DATA BLOCK:
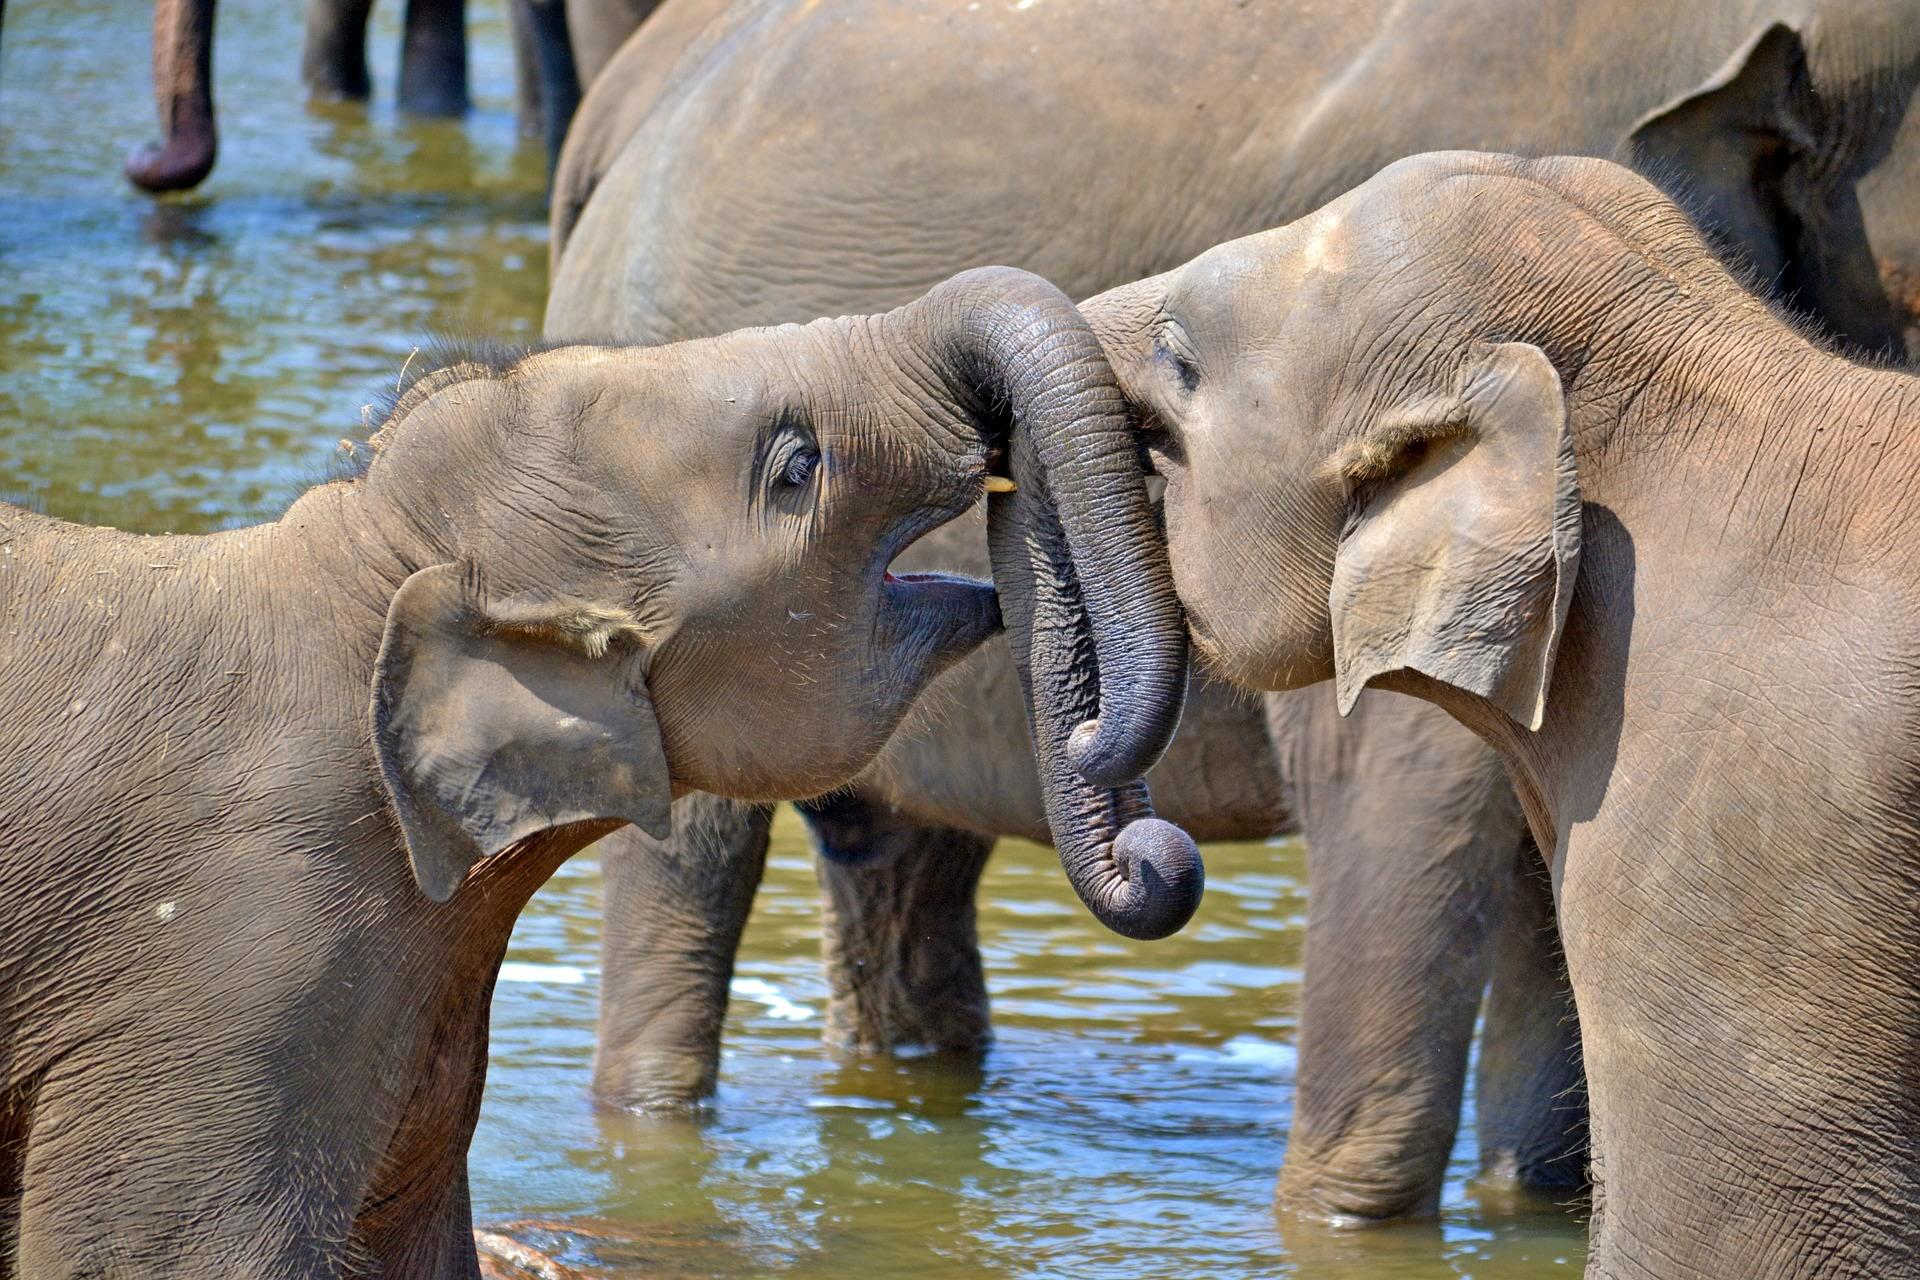 Visit the elephant orphanage in Pinnewela
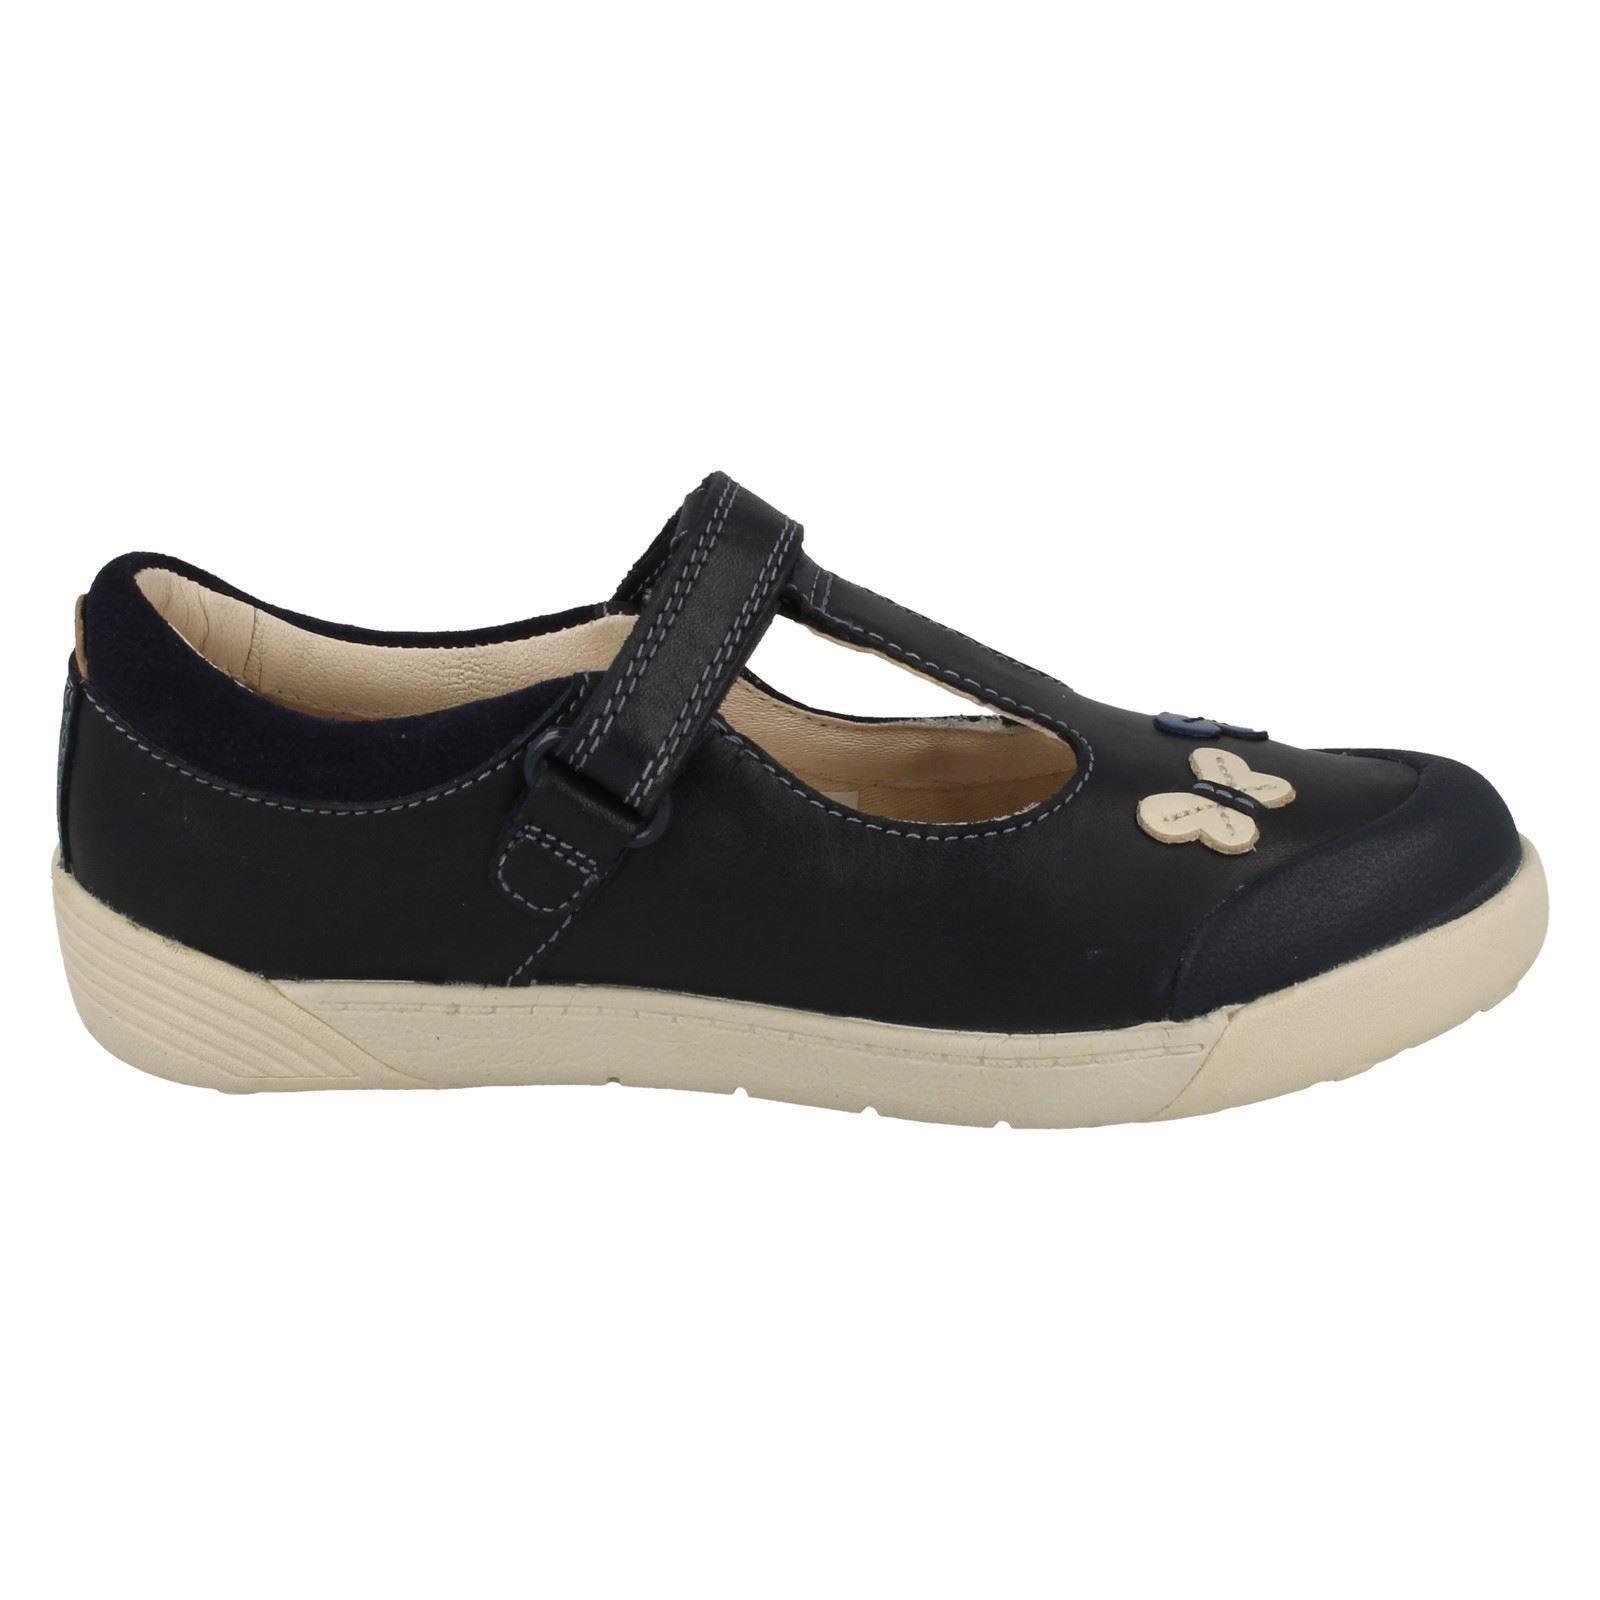 Girls Clarks Lil Folk Flo T-Bar Shoes
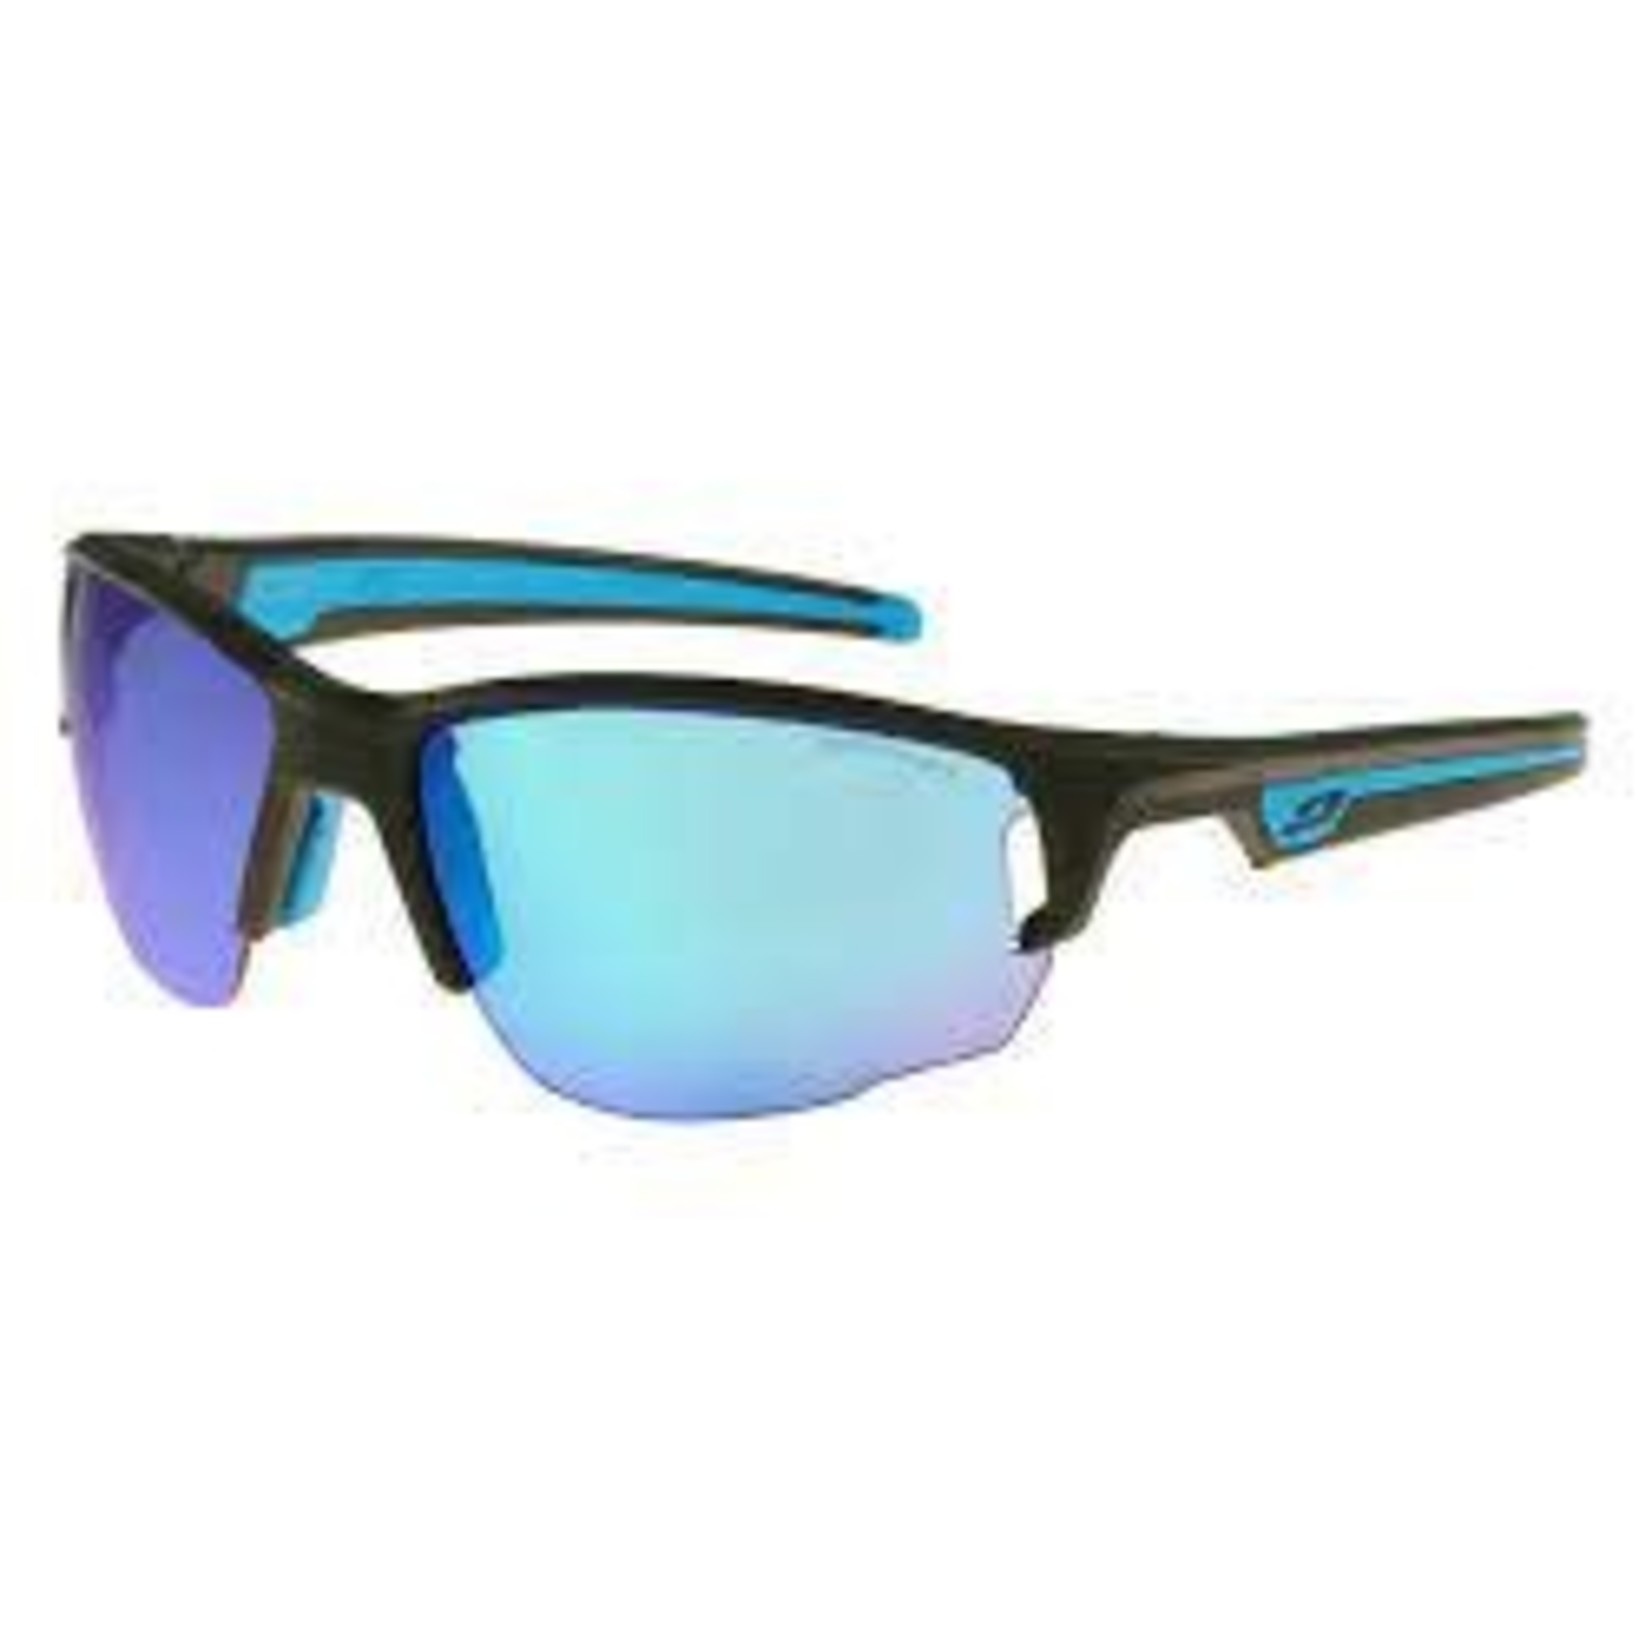 Julbo Julbo Venturi Sunglasses - Unisex

YOUR ASSIGNMENT: Lines from the one with "Girls Clarks Lil Folk Flo T-Bar Shoes" through the final line of the listing above: copy them exactly, both ends included, and omit every picture.

ANSWER AREA:
 Girls Clarks Lil Folk Flo T-Bar Shoes
 Julbo Julbo Venturi Sunglasses - Unisex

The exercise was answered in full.